What was Paul aiming at? What was all his motivation directed towards? Knowing Christ, sharing his suffering, sharing his glory. But the consummation is in these words, “in order that I may attain to the resurrection from the dead.” The word resurrection there is a special form that means the resurrection out from the dead. Not the general resurrection of all the dead but the resurrection depicted later on in the book of Revelation and elsewhere, the resurrection of the righteous dead, those who have died in Christ. Paul says literally, the “out resurrection.” That’s his aim. And then he says:
“Not that I have already obtained it, or have already become perfect, but I press on in order that I may lay hold of that for which also I was laid hold of by Christ Jesus.” (NAS)
What is that? It’s the out resurrection. So he says, “I will not be perfect. I will not be complete until I have attained to the out resurrection.” And apparently his whole life’s course was directed toward that.
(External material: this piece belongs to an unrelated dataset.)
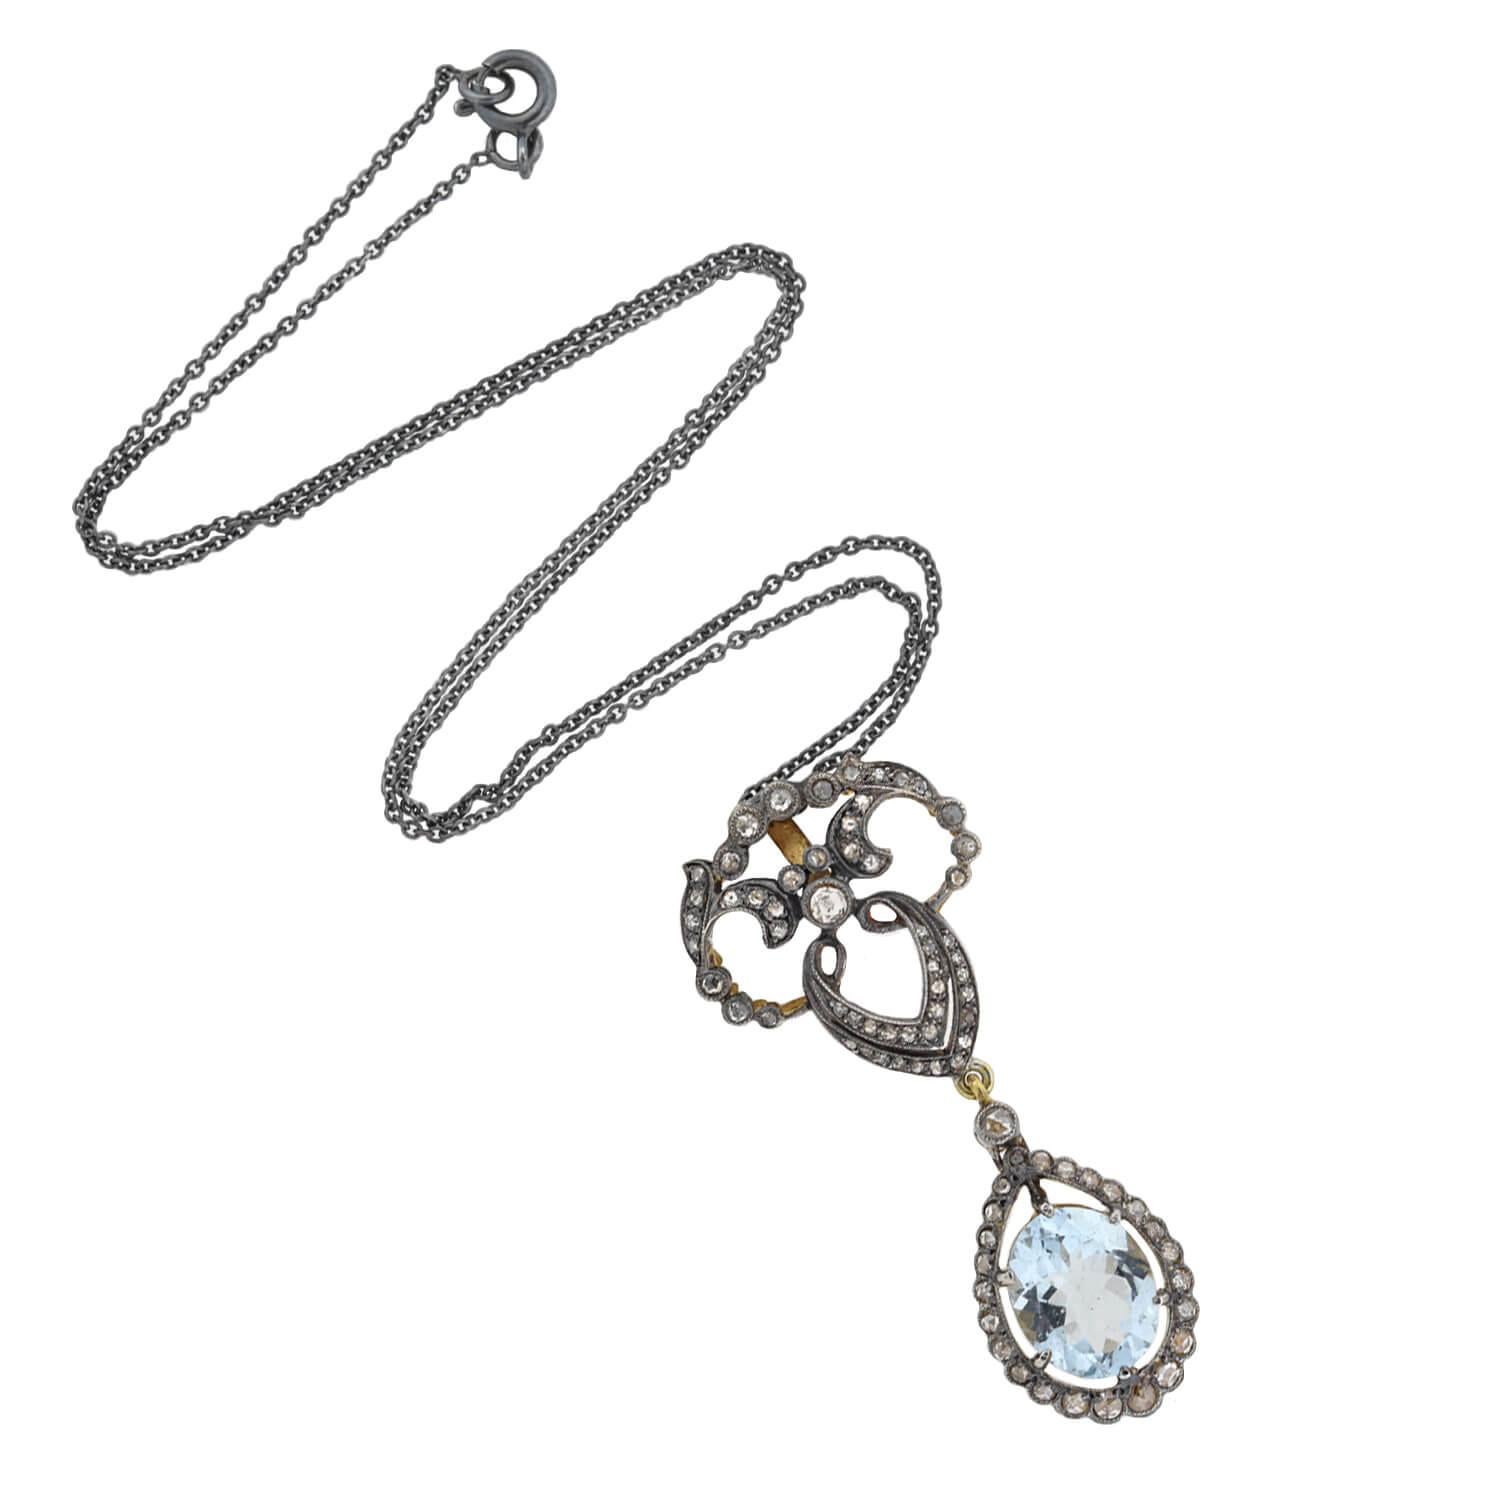 Un merveilleux collier pendentif aqua et diamant de l'époque victorienne (1880s) ! Réalisée en or jaune 18 carats et en argent sterling, cette magnifique pièce se compose d'un pendentif en forme de goutte suspendu à une simple chaîne en argent

And then, at the end of Philippians 3 he indicates that this should apply to all Christians. In verses 20-21:
“For our citizenship is in heaven, from which also we eagerly wait for a Savior, the Lord Jesus Christ...”
Notice those words again which I have been emphasizing, “eagerly wait for a Savior, the Lord Jesus Christ.” One reason why we are eagerly waiting is in the next verse:
“[He] will transform the body of our humble state into conformity with the body of his glory, by the exertion of the power that he has even to subject all things to himself.”
So when he comes in glory he’s going to change our body. We’ll get what’s called a resurrection body. In this present body we are in a body of what Paul calls humiliation. Our present body in its condition is the result of man’s rebellion against God and his fall. The key word that describes this body is the world corrupt or corruptible. But that’s not what we’re going to end with. We’ll put away this body in the grave when we die but when Christ comes we’ll be given another body which will be like the body of his glory. So, there’ll be a change in our body from humiliation to glory but that will not come about until Jesus returns in his glory. His glory will be a pattern of the glory that will be given to us because his glory will exceed that of all believers. But, we will have the same type of glory, the same type of body and then, and then only will the salvation which he purchased through his death and his resurrection be completed. So bear in mind that only at the return of Christ that our personal salvation will be completed. And notice again those words, let me leave them with you, ”we eagerly await for a Savior.” Is that true of you?
Our time is up for today. I’ll be back with you again tomorrow at this same time. Tomorrow I’ll be sharing with you a second reason why all Christians should be longing for Christ’s appearing.